Budget 2022: The Grocery Retail Industry Responds
Following the range of key measures announced at Budget 2022, here is how the grocery retail industry has responded. Cider Ireland In a statement, Daniel Emmerson, chairperson of Cider Ireland and...
Following the range of key measures announced at Budget 2022, here is how the grocery retail industry has responded.
In a statement, Daniel Emmerson, chairperson of Cider Ireland and chief executive of Nohoval Drinks Company, producers of Stonewell Cider said, "While Cider Ireland welcome the Government’s commitment to reducing excise duty for small producers of craft cider by 50% next year, it is very regrettable that we must wait another year before being afforded the same treatment as craft beer. The year is a further, unjustifiable delay on the new jobs, tourism, exports and carbon-busting new orchards that will emerge all around rural Ireland once the 50% reduction in duty is implemented. We, and the communities we are part of, deserve a level playing field."

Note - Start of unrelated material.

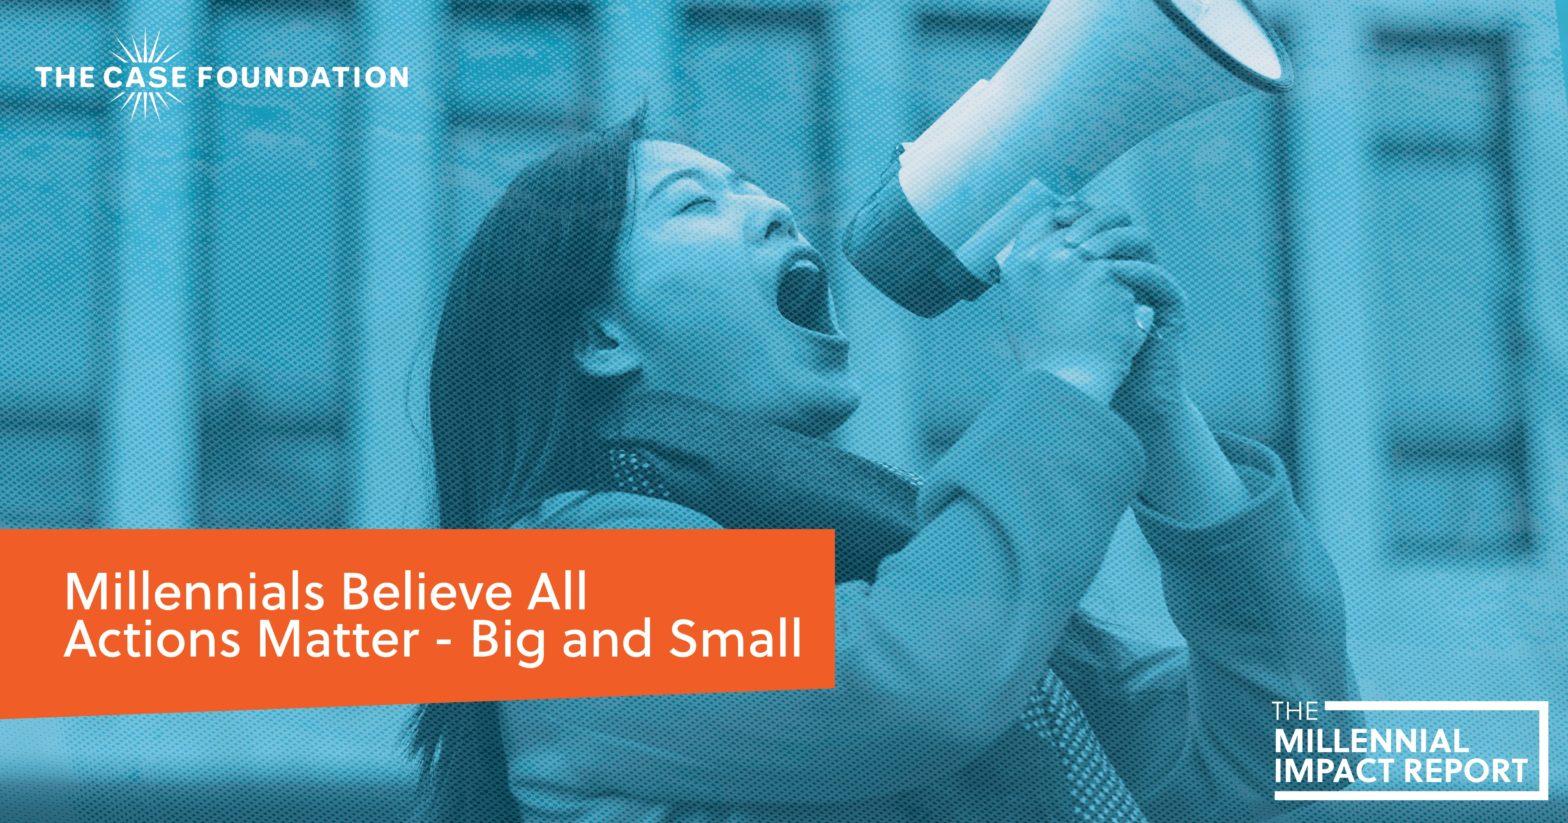 millennials-believe-all-actions-matter

Retail Excellence, the largest representative body for the retail industry in Ireland, has said that is clear this is “not a Budget for business” and has warned that more needs to be done to assist small retailers as we emerge from the pandemic. Speaking with RTÉ today, Duncan Graham, managing director of Retail Excellence, commented, “This is not a Budget for business. While we welcome support from the Government in the form of an extension of wage supports until April as well as measures to tackle the increasing cost of living, we are disappointed that we have not seen additional supports such as online grants for businesses, particularly those with fewer than ten employees who are in greatest need of assistance."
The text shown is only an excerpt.